Moose Lake Star Gazette - Serving Carlton and Pine Counties Since 1895

By Wick Fischer
Moose Lake Star-Gazette 

Rich man blues

Wick's World

 


“I woke up this morning, both my cars were gone.

I stumbled past my swimming pool, threw my drink across the lawn.

I got the blues. I got those rich man blues.”

I first heard this catchy little tune on Duluth’s KUMD radio station. I really don’t know if the song was called “Rich Man Blues.” I have no idea who wrote and/or performed the song, or if I even have the words to the chorus correct. What I do remember is that my buddy and I sang this version sometime in the mid-70s while we were building my log cabin in the northern woods of Minnesota. We adopted “Rich Man Blues” as our mantra because it spoke of everything we were not. We also loved to sing the Lamont Cranston version of “Ain’t Nobody Here but Us Chickens”, most likely due to our self-imposed isolation.

Back then, I was neither rich nor wanted to be. Following my discharge from the U.S. Army, I went to live in New York City, the most populated city in America. Before a year was up, I left the country once again and traveled throughout Europe and the Mid-East. I added a couple more years of college to my resume before I made my move to one of the least populated areas in the country: rural Aitkin County, Minnesota.

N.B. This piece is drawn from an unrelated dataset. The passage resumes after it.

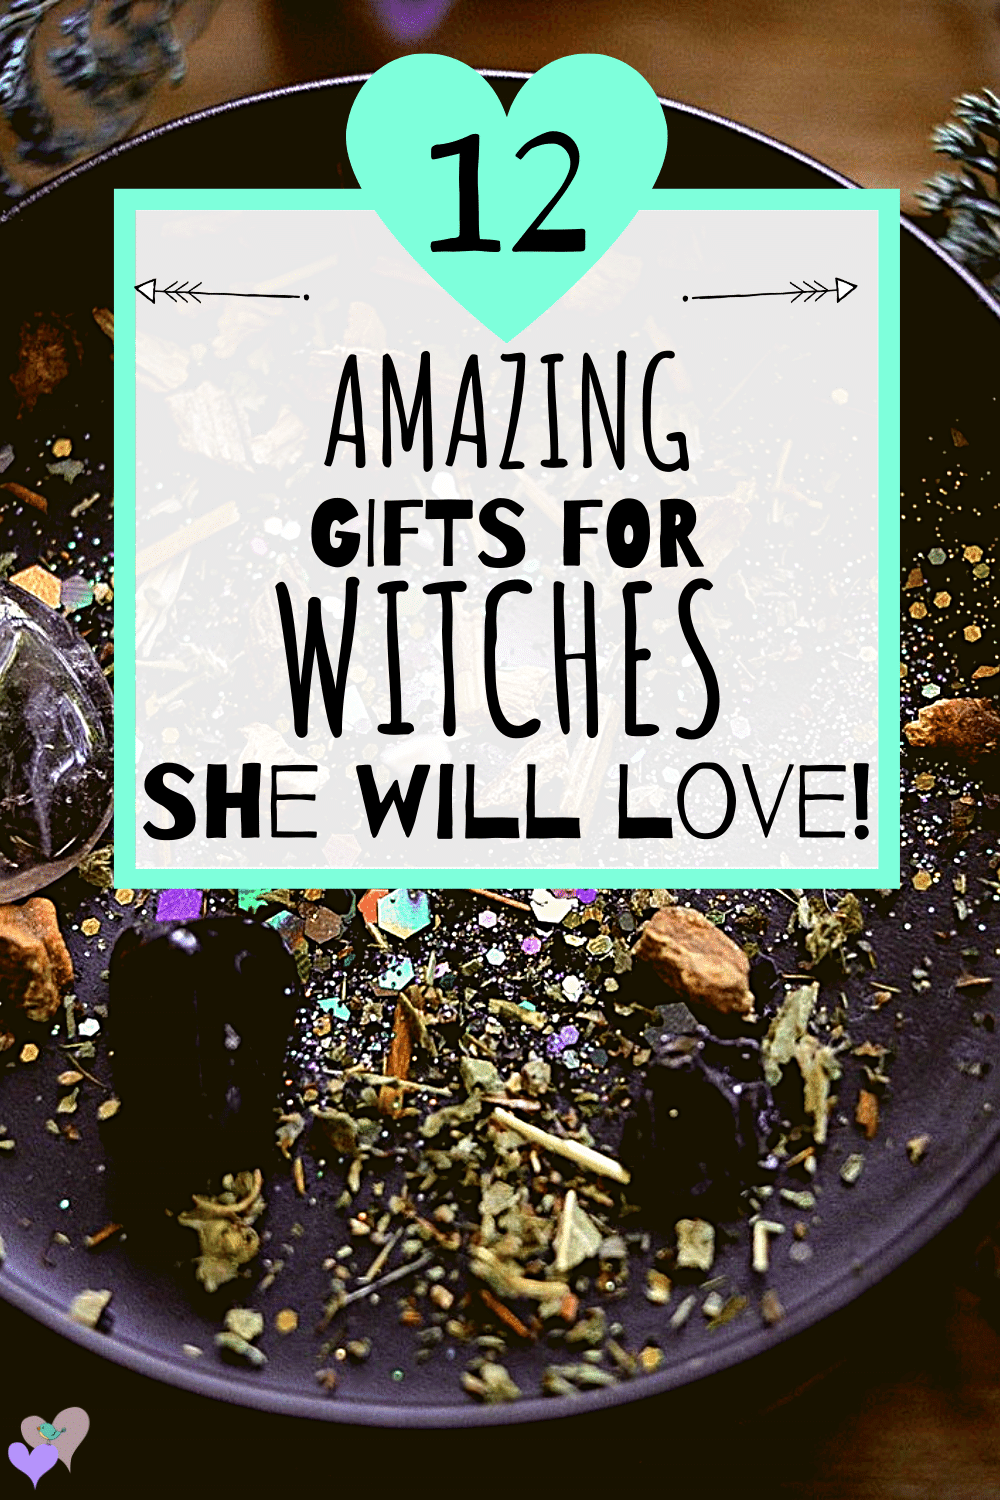 12 Amazing Gifts For Witches She Will Love!!! From candles, tarot decks, sage smudge sticks and even cauldrons, we have found you the most amazing witchy gifts that any witch will truly love to receive!

I guess I was seeking some peace and quiet when my wife and I had made the decision to live off the grid. Pink Floyd sang about becoming “just another brick in the wall.” My stint in the Army Airborne Infantry required discipline and following a rigid set of rules. In hindsight, I realized the rigid training I endured to become a ‘strack trooper’ was the catalyst that made me want to tune in, turn on and drop out of the established order. I never again would I have allowance for a boss man. Yeah, right. How’d that work out, Wick?

By 1975, the last remnants of the 60s were dying a slow death. Free love, make peace, not war and most of the signs of antidisestablishmentarianism that caused Scandinavian Lutheran school girls to ‘go bad’ no longer ruled the day. Note: I finally used what was once called the longest word in Webster’s dictionary!

So that is how I found myself deep in the woods of Northern Minnesota singing the “The Rich Man Blues.” This is not to be confused with C. W. Stoneking’s version of “Rich Man Blues” written and released in 2015. My buddy and I would greet each log-carving day singing our 1975 song about the guy we never wanted to be. I most certainly had found I was at the ideal place for avoiding wealth. There was very little money to be made living off the grid with no electricity or telephone service. Today I can live anywhere and run as many businesses as I want; doing it all from my hand-held smart phone.

Following the log cabin days, I eventually became just another brick in the wall. I also discovered somewhere along the way that a wealthy life style is not necessarily a bad situation to find one’s self in. I believe the song “Rich Man Blues” was simply explaining that everyone can get the blues, no matter the state of their wealth.

My wife and I (mostly her) have made several wise financial choices while travelling down the road of life. I was the guy following my retirement day as one who didn’t know how to start a computer. Soon, however, I was on the road to becoming a tech-savvy business man.

As I get older, I find myself having fun making money by having money. The key is to make the right investments. I have found that the greater the risk, the larger the bounty. I have always been a risk-taker. That’s why I loved jumping out of airplanes even if one was equipped with perfectly adequate landing gear. That’s why I loved rappelling down waterfalls even though there was a perfectly good set of stairs that led to the bottom. And that’s why I love making a bit of money, coin by coin. Wealth isn’t so bad because the fun is in the journey getting there: bit by bit.